Failed Syrian truce dismays UN envoy

DAMASCUS / MOSCOW
Failed Syrian truce dismays UN envoy

A car bomb in the Syrian capital’s predominantly Christian and Druze area kills at least 10 people, including women and children, officials say.

Syrian jets bombed suburbs of Damascus and a car bomb killed 10 people in the capital yesterday, in the last day of a supposed four-day truce.

The blasts, heard from several districts, were among the most intense in the capital since the beginning of Syria’s 19-month conflict, Agence France-Presse reported. However, shelling and car bombings resumed hours after the cease-fire was due to take effect on Oct. 26, with each side blaming the other for its dissolve.

The blasts were followed by a car bombing that killed at least 10 people in the predominantly Christian and Druze area of Jaramana, just outside Damascus, according to state television. “A terrorist car bombing next to a bakery on Rawda Street killed at least 10 people, including women and children,” the broadcast said.

The Britain-based watchdog organization Syrian Observatory for Human Rights said “the car bomb was detonated on a main street in the mainly loyalist suburb of Jaramana, where there is a proliferation of armed pro-regime popular defense committees,” or militias. According to the organization, the blast killed at least 12 people and wounded 15, some of them critically.

Damascus residents say Jaramana is controlled by forces loyal to President Bashar al-Assad, who is fighting an armed revolt against 40 years of family rule, according to Reuters.

“I am deeply disappointed that the parties failed to respect the call to suspend fighting,” U.N. chief Ban Ki-moon said in Seoul, where he was receiving the Seoul Peace Prize. “This crisis cannot be solved with more weapons and bloodshed ... the guns must fall silent,” he added.

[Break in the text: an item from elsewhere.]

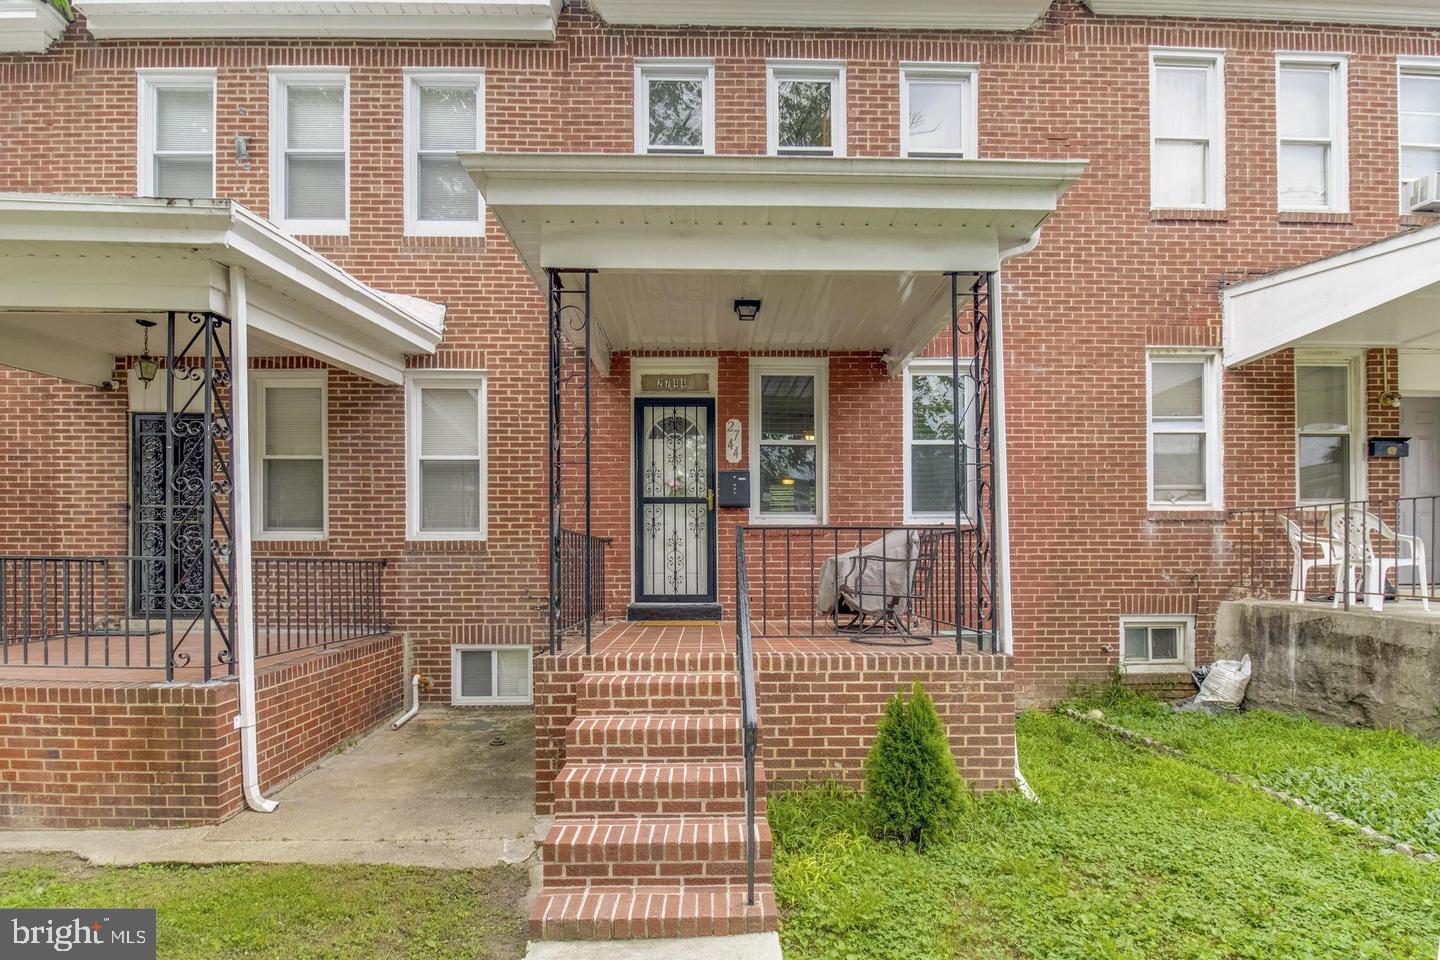 View Baltimore, MD 21216 townhome

Meanwhile, Turkish artillery retaliated yesterday after a shell fired from Syrian territory hit the village of Beşaslan in Reyhanlı, Hatay without causing any casualties. In contrast, some Syrian army soldiers fighting rebels near the Turkish border sheltered with Turkish armed forces, Anatolia news agency reported.

Syria’s conflict is going from bad to worse, the U.N.-Arab League peace envoy Lakhdar Brahimi said yesterday after key talks in Moscow with Russian Foreign Minister Sergei Lavrov regarding a solution to the fighting. He expressed disappointment that his four-day truce plan had failed.

“I have said and it bears repeating again and again that the Syrian crisis is very, very dangerous, the situation is bad and getting worse,” Brahimi said. “If it’s not a civil war, I don’t know what it is.” He described a Syrian woman whose two sons were fighting in opposing armies in the conflict. “This civil war must end,” he said.

Russia had supported Brahimi’s call for President Bashar al-Assad’s army and the rebels to lay down arms during the Eid al-Adha or Feast of the Sacrifice holiday.

The envoy said the failed appeal would not discourage him from looking for a solution to the violence, calling on the international community to “come together and help the people of Syria find a solution to their crisis.” Lavrov said Moscow was also “disappointed” that the truce plan was not realized by the opposing sides but said there was no point in arguing over who broke the cease-fire.